YANKEE DOODLE BOYCHIK
by
Book Details
About the Book
Jack
known on the street as Jake and Boychik to his ma, was born on the Fourth of
July on Chicago’s Southside, smelling distance from the stockyards.
Yankee Doodle Boychik starts in
1919. Jack is four and living packed
“like herring in a barrel” behind Pa’s shoe store. The struggles and triumphs, poignant and funny, to become a real
American boy are portrayed through his eyes.

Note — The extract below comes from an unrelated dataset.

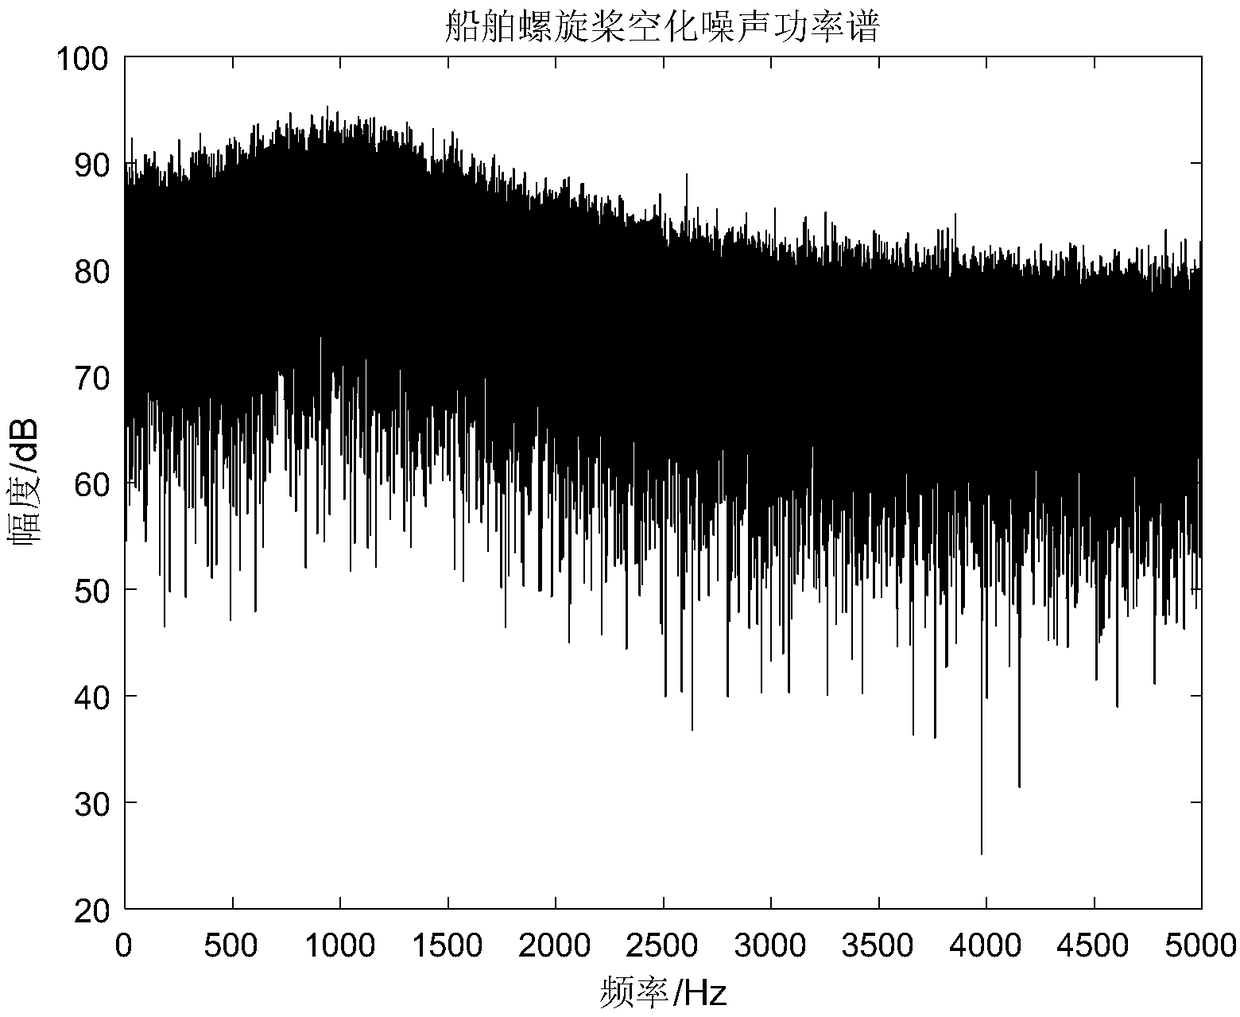 Modulation spectrum characteristic fidelity enhancement method for ship propeller cavitation noise based on adaptive window length
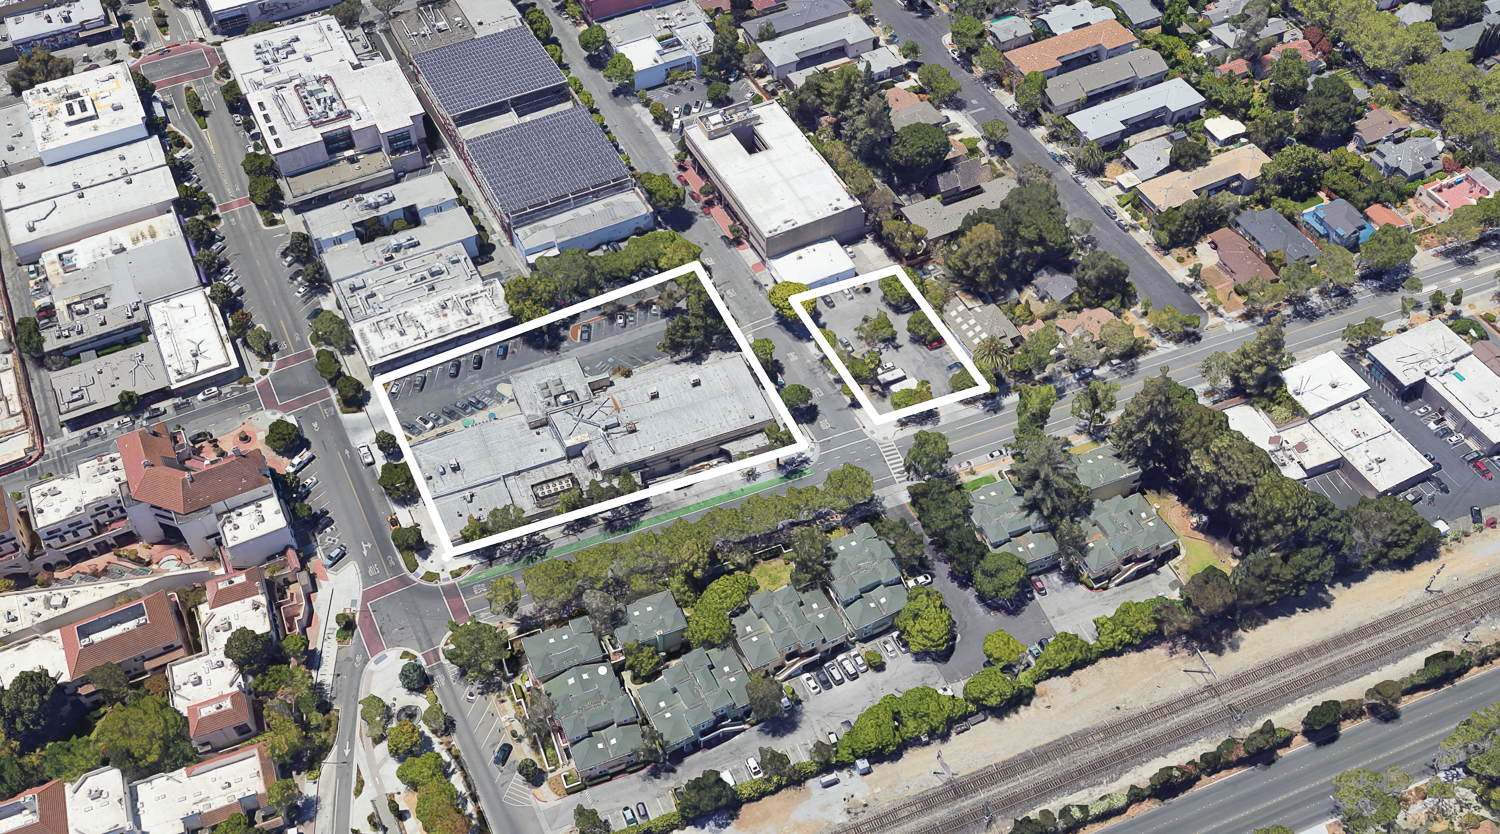 156 California Avenue, image by Google Satellite

The story takes the reader through forty chapter stories to his bar
mitzvah when he invites the neighbors to their first Jewish party.
It
was the magic time of radio and Babe Ruth, of Paul Whiteman’s band serial
movies on Saturday morning. Jake
confronts his immigrant Ma’s old country values, convincing her that there is
time in his day for sports as well as study and its all right for a Jewish boy
to play the sax in a jazz band, rather than a fiddle in a concert hall.
This
is not the usual coming of age story.
In Yankee Doodle Boychik, a
Jewish boy grows up in a functional
family. Discipline is tempered by
Ma’s love and conflicts resolved without sacrificing religious principle.
By
the last chapter, the reader will have laughed and cried with Jake as he
pursues the wins and losses of his dreams.
About the Author
JACK I STILLERMAN is the author of A Chicago Memoir-Yankee Doodle Boyhood, winner of National Legacy Award, published in variety of literary journals. He is graduate of Northwestern University Dental School. He lives in California.